I should simply have asked, "Is it possible, in a literature course, to proceed from an aesthetic viewpoint that is fundamentally opposed to the work or works in question?" That is, to take the view that the works are ugly (and that this is bad) or false, or tendentious, or foolish, or self-inconsistent, or picayune, or obscene, or whatever?

My answer is that, no, one should not do this. That appears to be Bruce Baugh's answer, too. But I say further that one should not be penalised for not doing it if one is prepared to put equal effort into other works of equal standing, and that the school's responsibility is to provide reasonable alternatives, either in the form of different texts or in the form of a different but equally accredited course or curriculum. As far as I understand him, Bruce Baugh would not agree. Perhaps you would care to comment?

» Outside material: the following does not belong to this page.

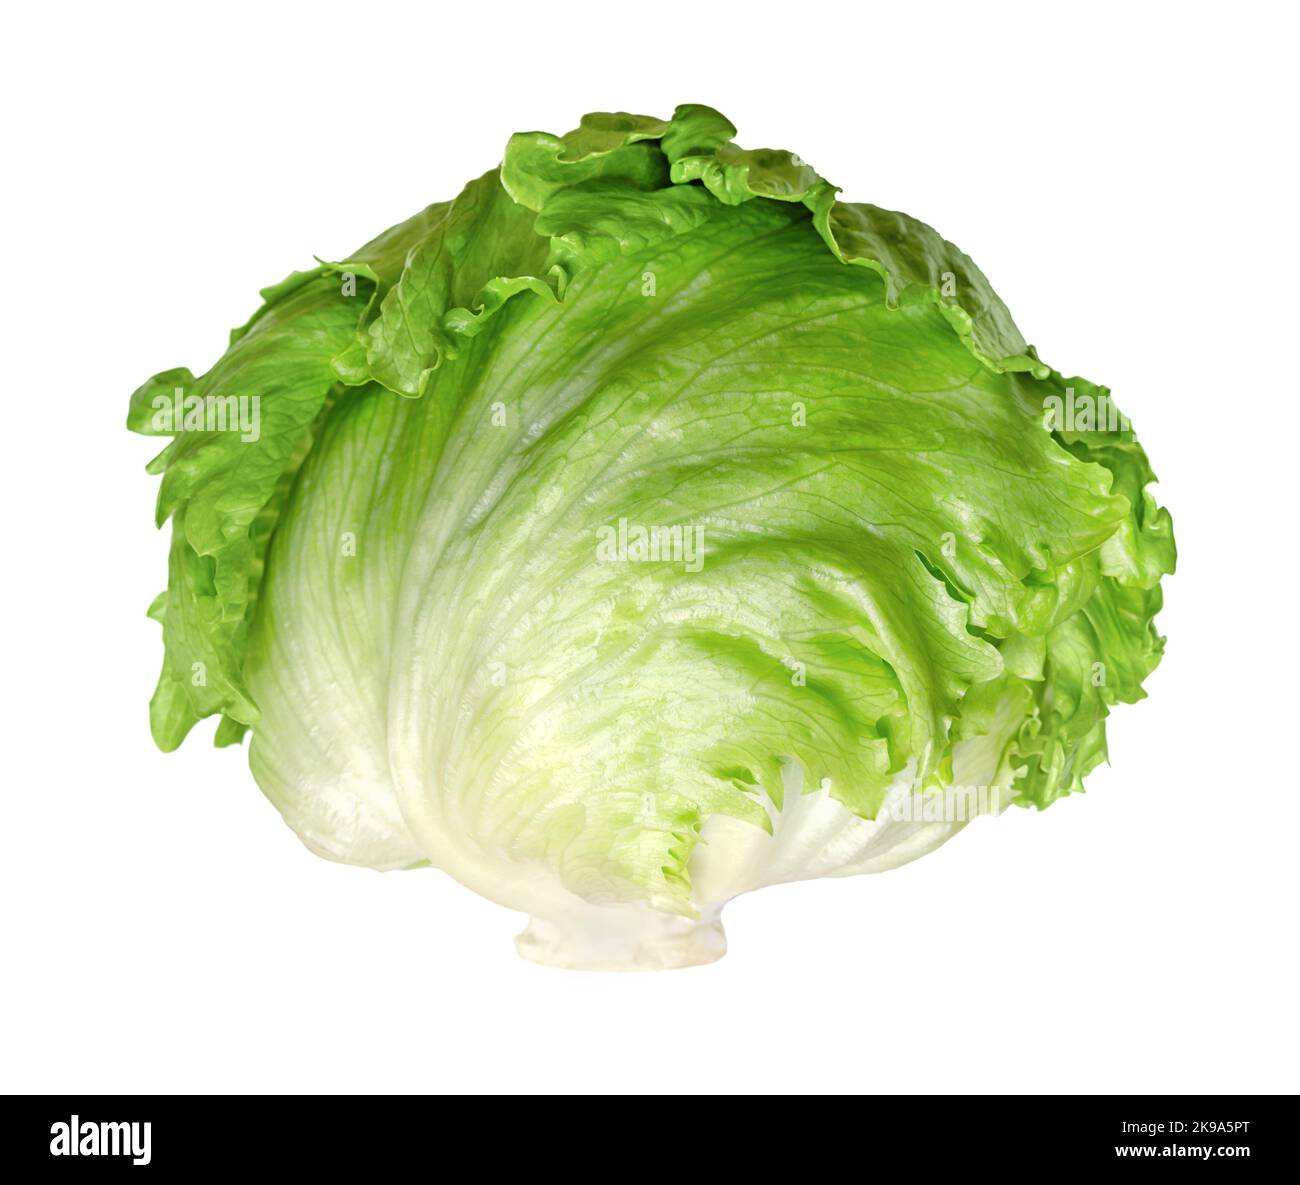 Laitue iceberg, ou cropphead, isolée, vue de face, sur fond blanc. Tête de salade fraîche, vert clair, parfois aussi appelée laitue de chou. Banque D'Images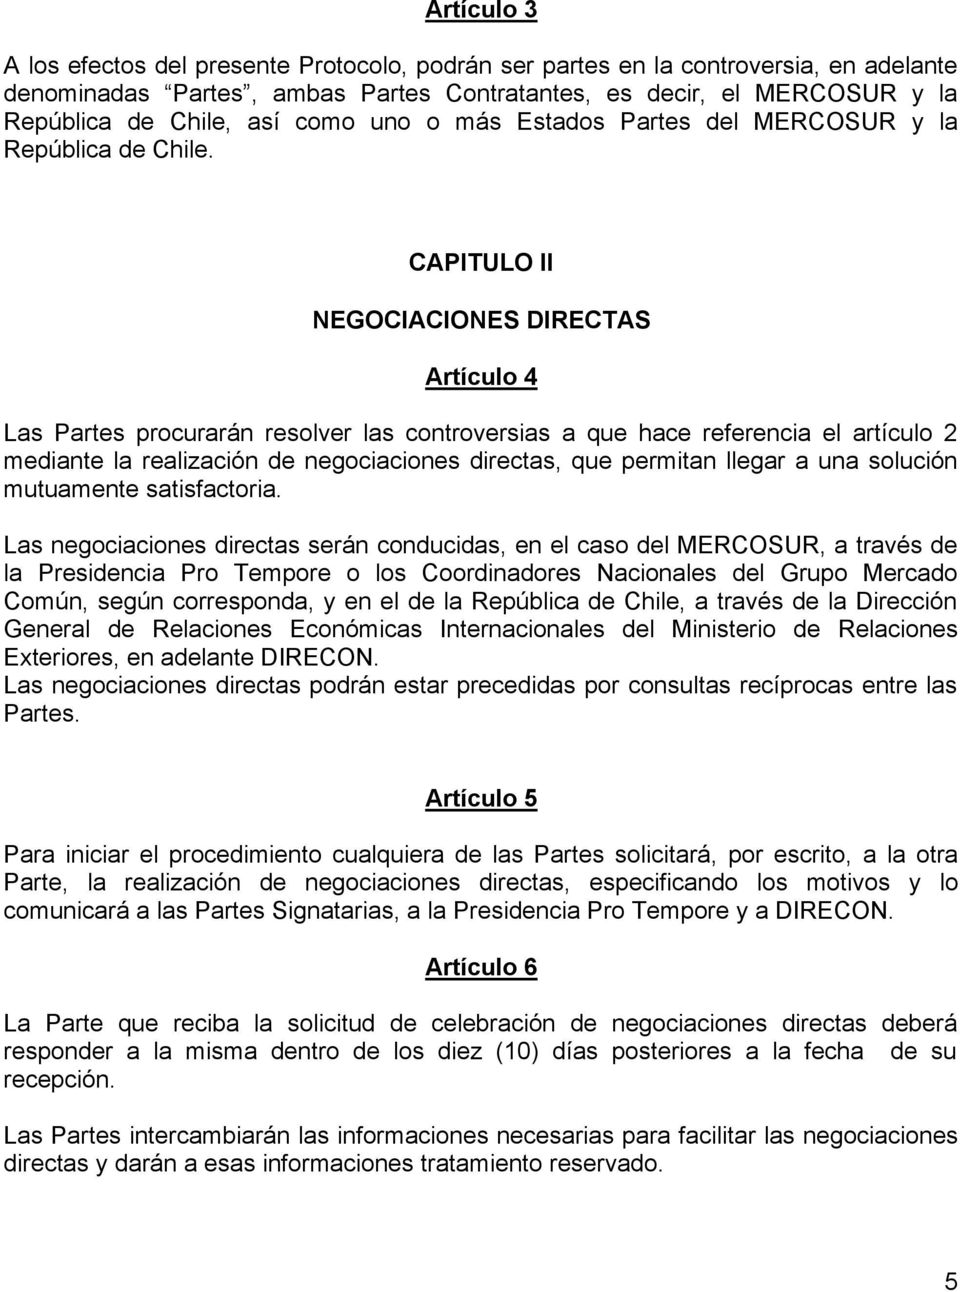 CAPITULO II NEGOCIACIONES DIRECTAS Artículo 4 Las Partes procurarán resolver las controversias a que hace referencia el artículo 2 mediante la realización de negociaciones directas, que permitan

#260 ::: Bruce Baugh ::: (view all by) ::: February 27, 2006, 03:53 AM:

Dave, I can't help noticing that you never have anything to say in response to anyone explaining how canons develop, nor what their limits are in providing some black iron prison of departmental dogma. You keep skipping on the parts where you can rant about the conspiracy of professors to swallow our souls and about how you have to martyr yourself rathre than risk contaminating the purity of your essence. This is regrettably unsurprising, but also rather disappointing. I leave the field to someone else - I have responsibilities despite being as sick as I am at the moment, and this energy is needed elsewhere.

Good luck in keeping yourself nailed to that cross. It doesn't seem like you much want to do anything else.

#261 ::: Bruce Baugh ::: (view all by) ::: February 27, 2006, 03:56 AM:

And no, you don't have to respond to that last one. It's an admission of my giving up, feeling that I've just been casting effort into a void, or more accurately into a shredder, and I'm just venting a bit of frustration before getting back to work on things that matter to me more than your determination to wage this particular war against literature.

On the whole I'd prefer not being cited in support of any of your arguments, but my words are out there to use or not as you wish, I guess.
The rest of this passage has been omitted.